# Optima battery



## danfigg (Sep 27, 2009)

After 3 years and 20 days my battery is dead. I have to charge it the night before so that the car will start. Unbelieveable. I thought the Red top batteries were supposed to be pretty good----Danfigg


----------



## AZgoat (Jul 31, 2013)

Nothing last forever bud. :lol:


----------



## svede1212 (Nov 1, 2005)

I've had the least luck with Optimas (3 of them) than with any other battery I've ever owned. I would not own one again.


----------



## GTO JUDGE (May 14, 2005)

I have given my opinions on Optima Batteries in the past... They have the worst warranty of any top brand battery out there. I will never buy one. I go with what works and GM Delcos Top of the line is what I have been using for nearly 40 years in all my vehicles and I have never ever been let down.

There was a red top in my T/A when I purchased it... According to the tag it was 3 years old when it went.... I yanked it like a bad tooth and in went a Delco....

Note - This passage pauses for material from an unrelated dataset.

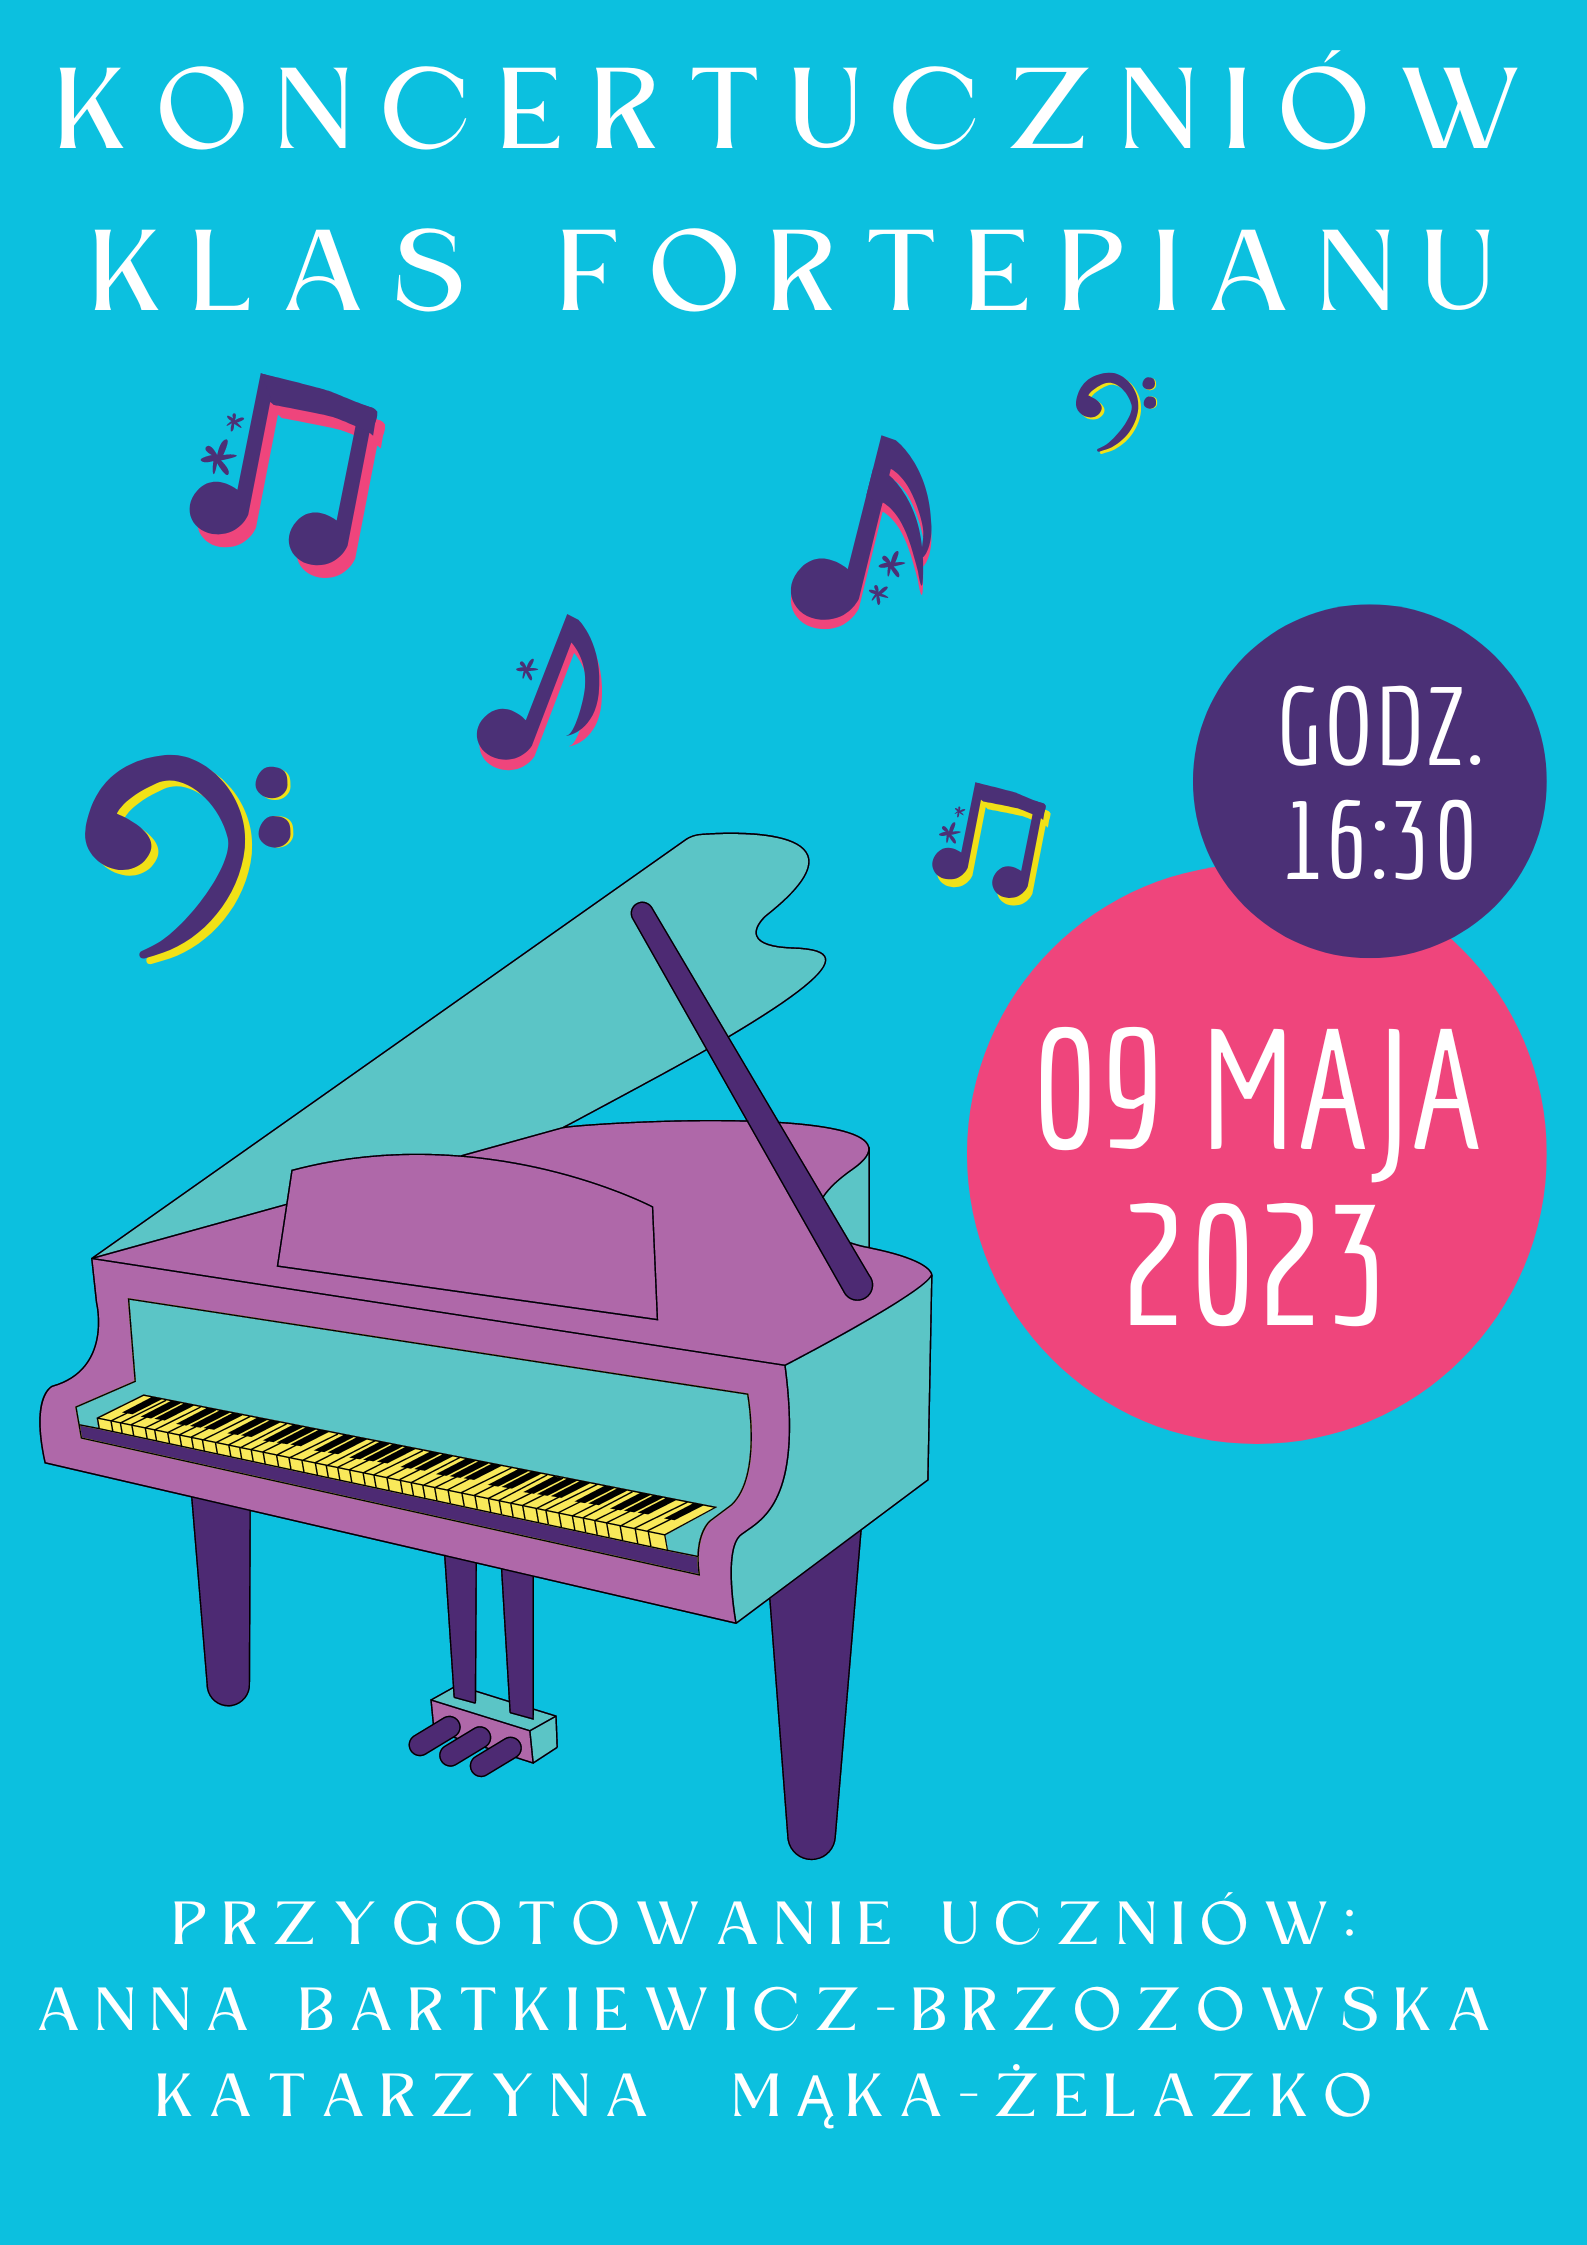 Plakat na niebieskim tle z grafiką fortepianu oraz szczegółowymi informacjami dotyczącymi koncertu uczniów klas fortepianu - 09 maja 2023

IMO Optima Batteries are over priced, over hyped, and the life span? See the short pathetic warranty.


----------



## danfigg (Sep 27, 2009)

*re*

Well Optima is serious when they say 3 year warranty. Summit Racing is where I purchased it. It was 159.00 and Summit racing decided to give me a new one they are even having it picked up by UPS----danfigg


----------



## gjones (Oct 8, 2012)

*deadsville*

What happened to the days when batteries would last 5-6 years? Had one once that was nearly 10 years old, and still cranked the old jalopies up!


----------



## ALKYGTO (Mar 29, 2010)

I average 7 years with my Optimas, had one that went 9 years. I run one in the GTO and one in my wife's DD F10 4X4 truck.


----------



## jpalamar (Jul 22, 2008)

I just replaced my 2 year old RedTop in my C5. It was cranking.perfectly but my steering column wouldn't unlock. New battery and problem solved.

I was also shocked to see it only has a reserve of 90. My new battery is 120 and 1/3 less.


----------



## silversport (Mar 23, 2007)

I've had good luck with Delco batteries...glad to see Summit Racing took care of your Optima...

Bill


----------



## svede1212 (Nov 1, 2005)

ALKYGTO said:


> I average 7 years with my Optimas, had one that went 9 years. I run one in the GTO and one in my wife's DD F10 4X4 truck.

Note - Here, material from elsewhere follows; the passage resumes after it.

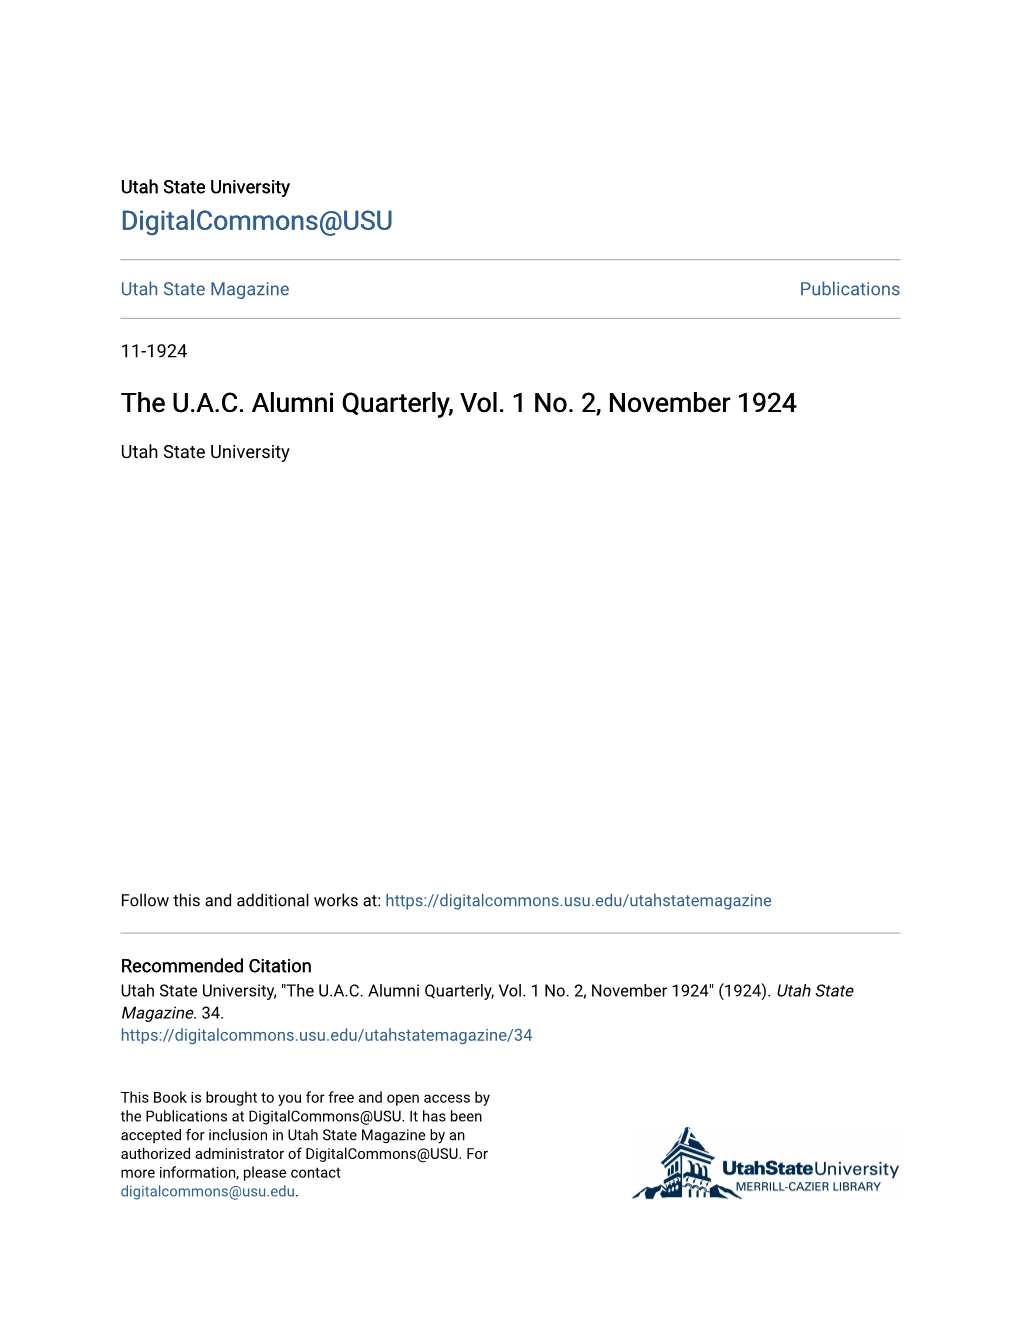 The U.A.C. Alumni Quarterly, Vol. 1 No. 2, November 1924

Somewhere there's a Yugo still running. They don't have a very good overall record. There isn't ANY benefit to them over a regular battery. I even had one leak and corrode the tray. Some people do like the color of them tho. . .


----------



## danfigg (Sep 27, 2009)

*re*

If it was blue I wouldnt like it more. I hear that batteries take more abuse in our cars because the security system is alway on. Even if you take the key out and dont lock the doors. Not to mention the stereo security is on too. Palamar, new battery and your column unlocked now that is weird---danfigg


----------



## 6QTS11OZ (Mar 27, 2005)

The red top I had sucked too. The yellow top has been great. Even if the car sits for 3 to 4 weeks it starts up without a hint of hesitation.


----------



## thezonster (Nov 15, 2010)

Ive bought only Optimas for many years in several cars. Never a problem. Last one replaced was 6 years old when it died.

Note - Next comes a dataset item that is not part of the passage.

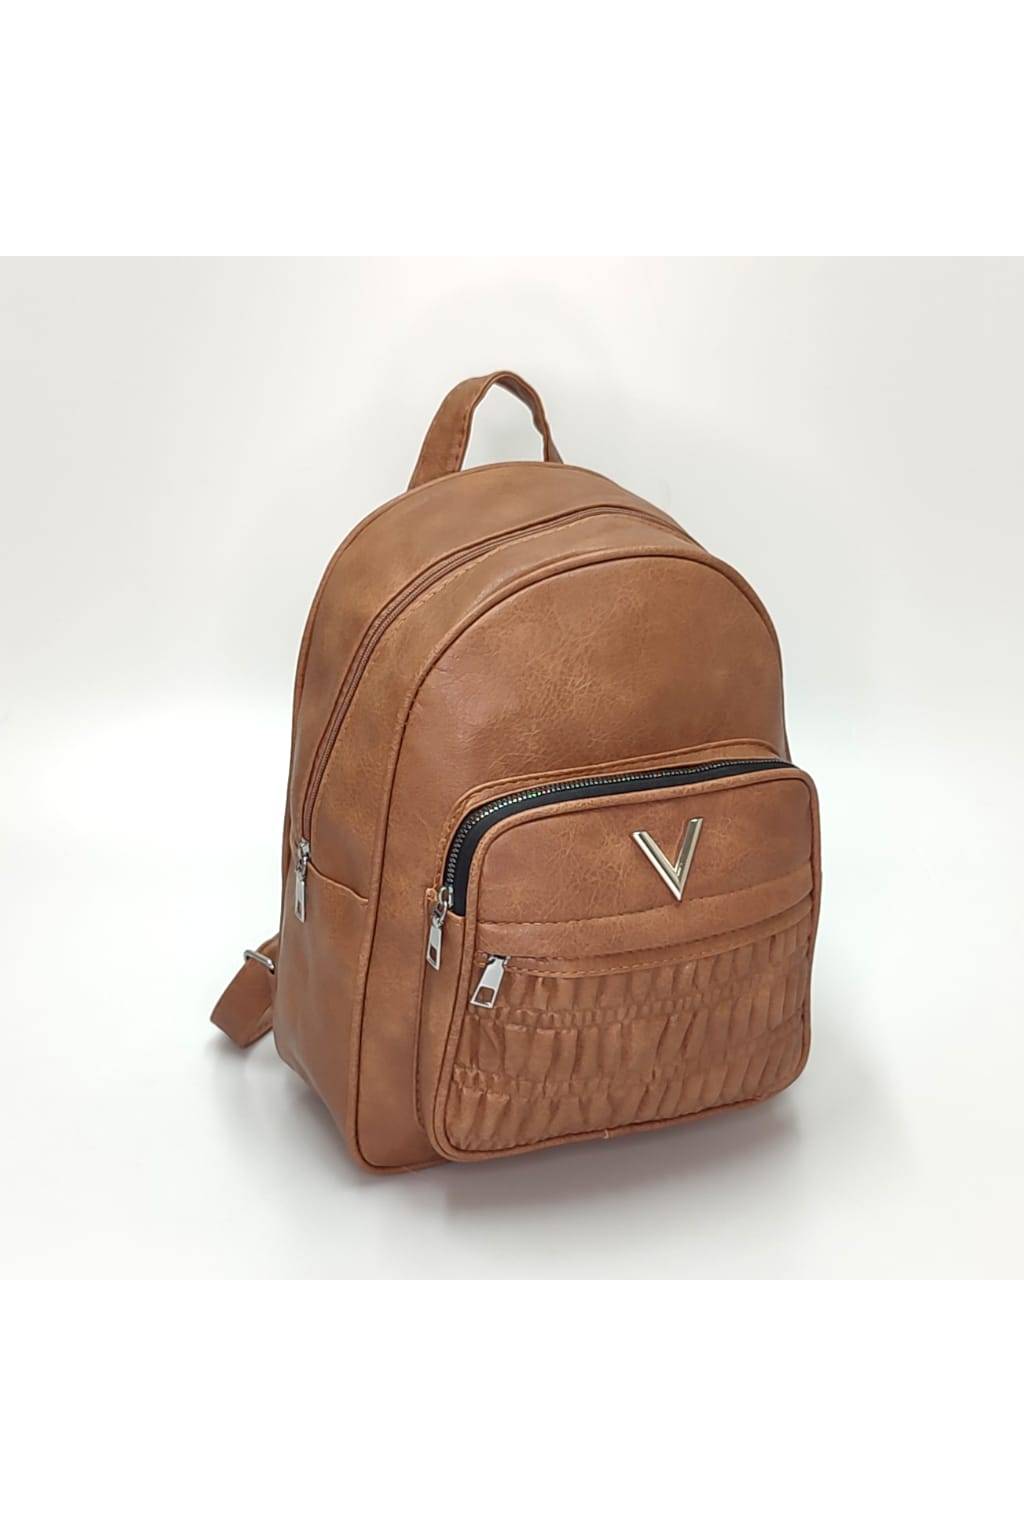 Dámsky ruksak 2565 tmavo béžový www.kabelky vypredaj (2)

Put one in the GTO when I bought it 2.5 years ago, just to have a fresh batt. No problems there so far.


----------



## OptimaJim (Feb 11, 2010)

danfigg, I'm sorry to hear you had issues with your battery, but glad you were able to get warranty service. gjones, it's not a question of what happened to the days when batteries would last five to six years, but the cars that they were installed in. Modern vehicles are packed with electrical accessories that continue to draw current, even when the car is shut off and new GTOs are known to have high parasitic draws. Adding additional accessories like car alarms, large stereos and underdrive pulleys only makes the issue worse.

The key to long battery life, regardless of brand, is proper voltage maintenance. Whenever any battery is discharged below 12.4 volts, sulfation begins to form in the battery, which diminishes both capacity and lifespan. Unless a newer GTO is driven on a daily basis, it should probably be stored with a quality battery maintenance device.

Jim McIlvaine
eCare Manager, OPTIMA Batteries, Inc.
OPTIMA® Batteries (optimabatteries) on Pinterest


----------



## danfigg (Sep 27, 2009)

*re*

Thanks for the advise, Optimajim, I think this one is my fault as I should have returned it sooner. It didnt last very long and I just kept charging it with a battery charger. It was purchased on july 27 2010. By December of the same year when I went to move it to plow the driveway, it was dead. I then charged it with a slow charge to fully charge it. Throughout the winter I had to charge it a number of times and from there on. It could be possible that the battery was old and sat around at SUMMIT RACING warehouse and as stated all the new electronics and alarms take a toll on batteries. I will get a tender this year and see if that improves things----Danfigg


----------